MuZero’s repo: GitHub - xrsrke/muzero: Implement MuZero from scratch [WORK IN PROGRESS]

InstructGPT’s repo: GitHub - xrsrke/instructGOOSE: Implementation of Reinforcement Learning from Human Feedback (RLHF)

P/S: If posting about reinforcement learning is not allowed in this channel, please let me know and I will move my posts to a different location

EDIT 1: Added github repo

xariusdrake · December 21, 2022, 9:05am

TIL: how to calculate the loss of reinforce algorithm (policy gradient)

xariusdrake · December 22, 2022, 8:27am

TIL: Fixed my reinforce algorithm training loop (previously i got the loss function wrong), understand how advantage function works in actor-critic (will implement from scratch very soon)

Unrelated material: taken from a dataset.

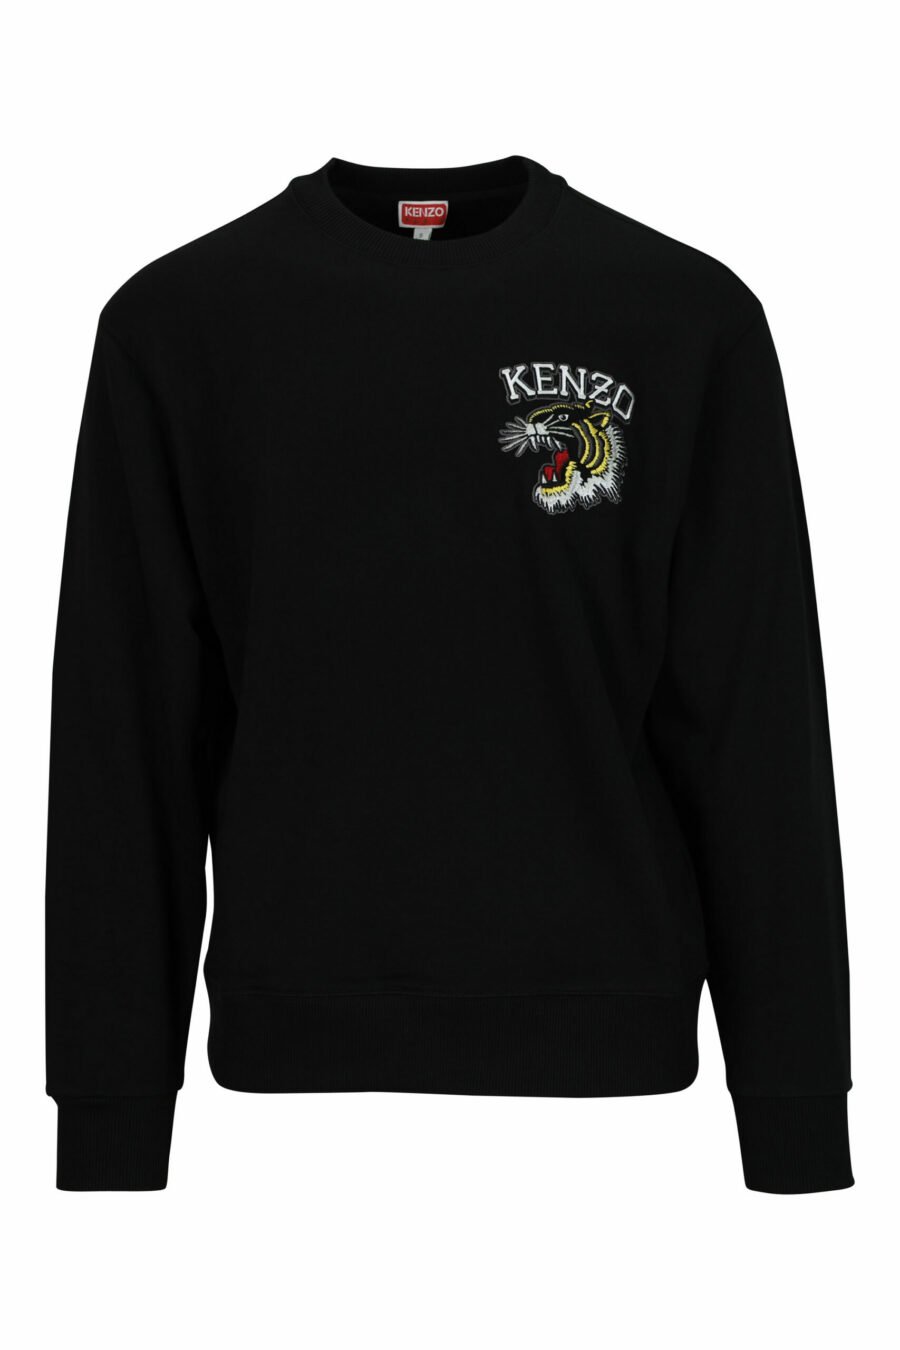 Schwarzes Sweatshirt in Übergröße mit kleinem, geprägtem Tiger-Logo - 3612230571426 skaliert

Github: reinforcement-learning/05_policy_gradient.ipynb at main · xrsrke/reinforcement-learning · GitHub

xariusdrake · December 26, 2022, 9:26am

TIL: how the soft actor-critic optimizes its policy and warming up my math muscles

xariusdrake · December 27, 2022, 8:39am

TIL: yay, finally understand the update rule for the policy in the soft actor-critic (updated version of previous note)

xariusdrake · December 28, 2022, 8:46am

TIL: Understand why the three loss functions in soft actor-critic are designed the way they are

and learning RLHF

xariusdrake · December 31, 2022, 8:33am

the last few days i learned: some basics of RLHF, and PPO

xariusdrake · January 2, 2023, 8:17am

the last two day i learned: the idea of MuZero, some basic of PPO, and how MCTS works (I will post my notes on the last two topics once I finish going through them)

xariusdrake · January 6, 2023, 8:41am

the last four days i learned: implemented PPO from scratch

xariusdrake · January 11, 2023, 8:35am

the last five days i learned: how RLHF works and implemented a vanilla representation network in MuZero (will fix it when all the components are put together)